Sur l’île d’Ouessant, les moutons auraient été sélectionnés pour leur couleur noire, afin de permettre aux femmes de marin de confectionner leur habit de deuil si leurs maris ne rentraient pas au port … Des légendes évoquant la laine se retrouvent dans quasiment toutes les régions françaises. La Belle au bois dormant s’endort en se piquant au fuseau d’un métier à tisser. Ces contes et légendes montrent l’importance de la laine dans notre société, avant l’arrivée des textiles synthétiques. Des passionnés tentent toutefois de faire revivre la filière laine française …
Petite histoire de la laine …
Des milliers d’années de sélection des moutons à poils longs ont permis d’obtenir l’animal que l’on connaît actuellement. Rappelons que le mouton est une « création humaine » puisqu’il n’existe pas en tant que tel dans la nature. Le mouflon sauvage, dont serait issu le mouton, possède en effet des poils courts, inutilisables pour faire des tissus. Le premier tissu en laine date de 10 000 ans et a été retrouvé en Judée. Longtemps, la laine a constitué le principal revenu des éleveurs, avant la viande ou le lait. Durant l’antiquité et le moyen-age, elle représentait la principale source de fibre textile, devant le lin, le chanvre ou encore la soie, réservée à une élite.
L’effondrement de la filière laine
Du XIXe siècle aux années 1970, Roubaix fait partie des trois capitales mondiales de la production lainière, avec Bradford en Angleterre et Verviers en Belgique.
La progressive disparition de cette industrie lainière tient à la concurrence, à partir des années 50, des textiles synthétiques. Moins chers, plus légers, ces tissus répondent aux attentes des consommateurs. La filière souffrira également d’investissements insuffisants pour moderniser les usines. La concentration de la fabrication dans des usines géantes, impossibles à rénover et moderniser, est également avancée comme cause du déclin. En 2013, 11 900 personnes travaillent dans le textile dans le nord, contre 171 000 en 1954. La fin de la filière impacte les bergers : de l’élevage des moutons pour la laine, on bascule après les années 50, à une production principalement destinée à la viande et pour une part moins importante, pour le lait. Aujourd’hui, tondre un mouton coûte plus cher que ce que rapporte la laine … lorsqu’elle n’est pas jetée !
Une nouvelle filière laine ?
Pionnière, la coopérative Ardelaine est lancée en 1982. Dans une région désertifiée, l’Ardèche, cette structure a relancé la filière laine dans son ensemble. La structure gère ainsi le cardage, la filature et la confection. Un nouveau débouché s’offre alors aux éleveurs de moutons locaux : avant Ardelaine, la laine était jetée !

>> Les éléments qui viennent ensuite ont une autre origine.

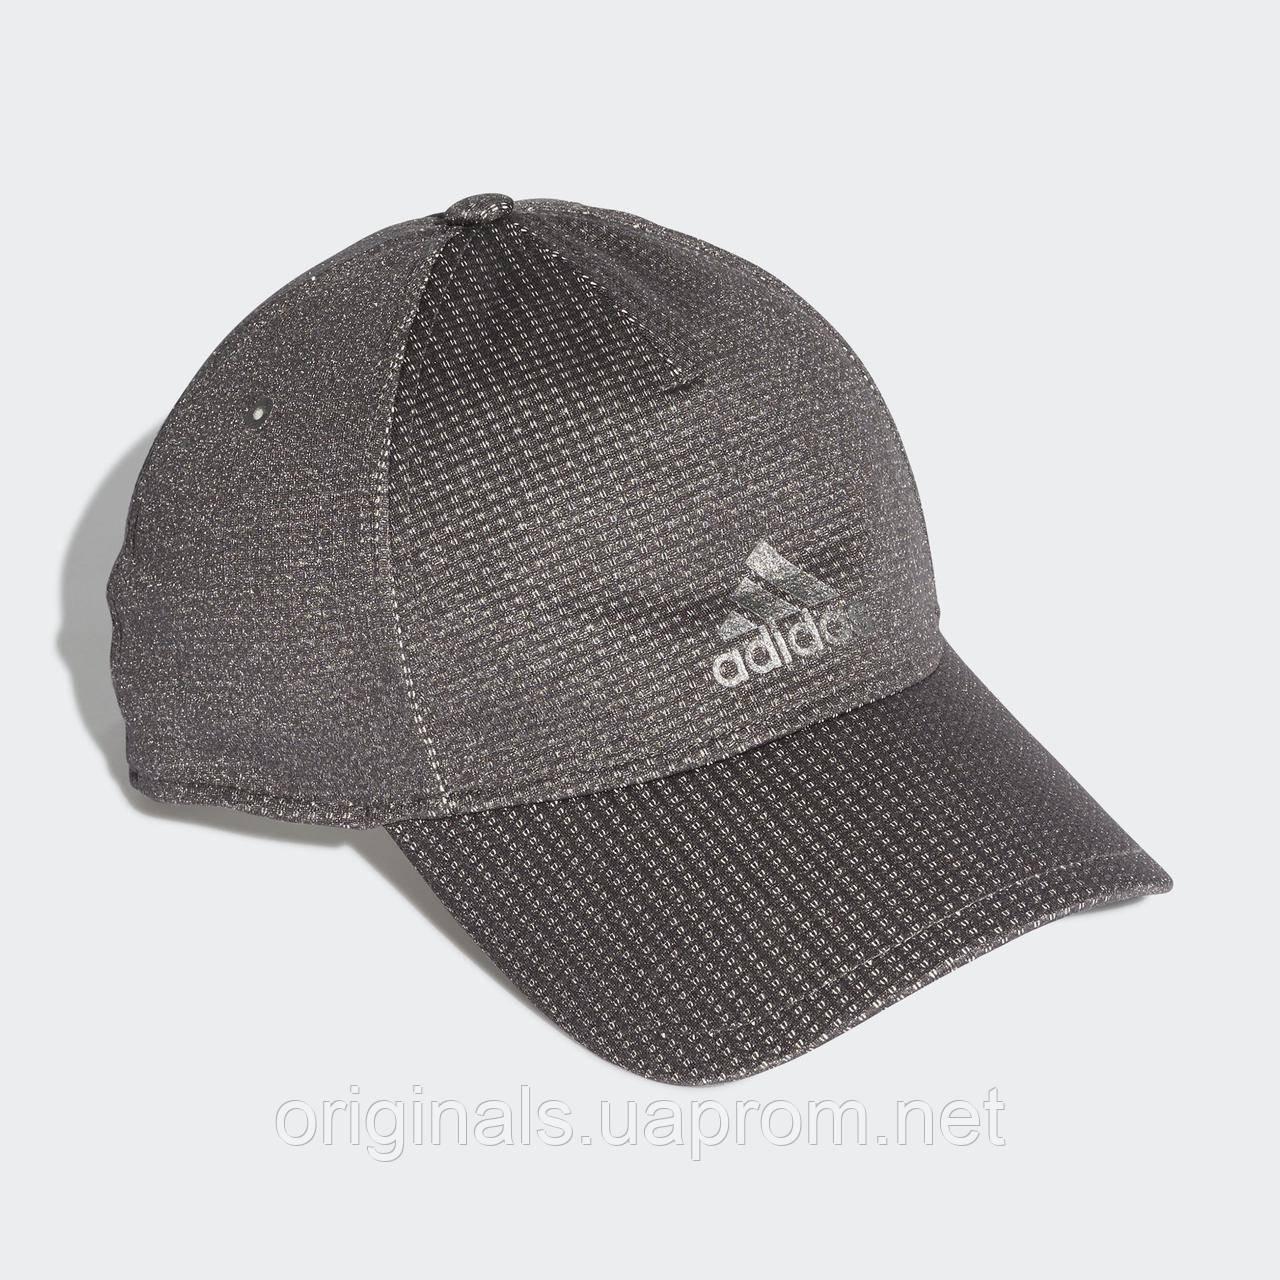 Кепка Adidas C40 Climachill DU3266

Plus récemment, en 2015, les éleveurs de brebis de race Raïole s’organisent pour relancer une filière laine dans les Cévennes. Raïolaine est ainsi créée et permet de valoriser la laine en utilisant les savoirs-faire locaux. Les toisons sont d’abord envoyées en Haute-Loire, dans la dernière entreprise de lavage de laine française. Cette entreprise, Laurent Laine, transforme également une partie de la laine en nappes, couettes ou oreillers. L’entreprise est également associée à une structure d’insertion, l’Atelier de la Bruyère, qui transforme la laine en feutre.
Bien d’autres exemples montrent un renouveau de la laine en France. Dans les Alpes-Maritimes, les éleveurs se sont regroupés pour transformer leur laine en tapis. En région Paca et Rhône-Alpes, l’association Mérilainos transforme les toisons en pelotes de laine distribuée en vente directe par les producteurs. En Ariège, Laines Paysannes, transforment la matière issue d’une quinzaine d’élevages ariégeois pour en faire écharpes, bonnets, sweats, pulls, tapis … Plus localement, la coopérative agricole « Les Toisons Bretonnes » basée à la Chapelle-sur-Erdre près de Nantes, valorise la laine de moutons originaires de Bretagne (races « Landes de Bretagne » et « Belle-Île »). La laine, issue d’une quinzaine d’élevages locaux, est envoyée au lavage en Haute-Loire puis transformée dans la Creuse. La coopérative en assure ensuite la commercialisation.
Le nombre d’emplois créés par ces filières en renaissance ne peut bien sûr soutenir la comparaison avec ce que fut autrefois la filière laine en France et ses centaines de milliers d’emplois. Toutefois, entre préoccupations environnementales et réflexions sociales, ces filières courtes, socialement responsables, trouvent petit à petit un public en attente de produits locaux, écologiques et renouvelables.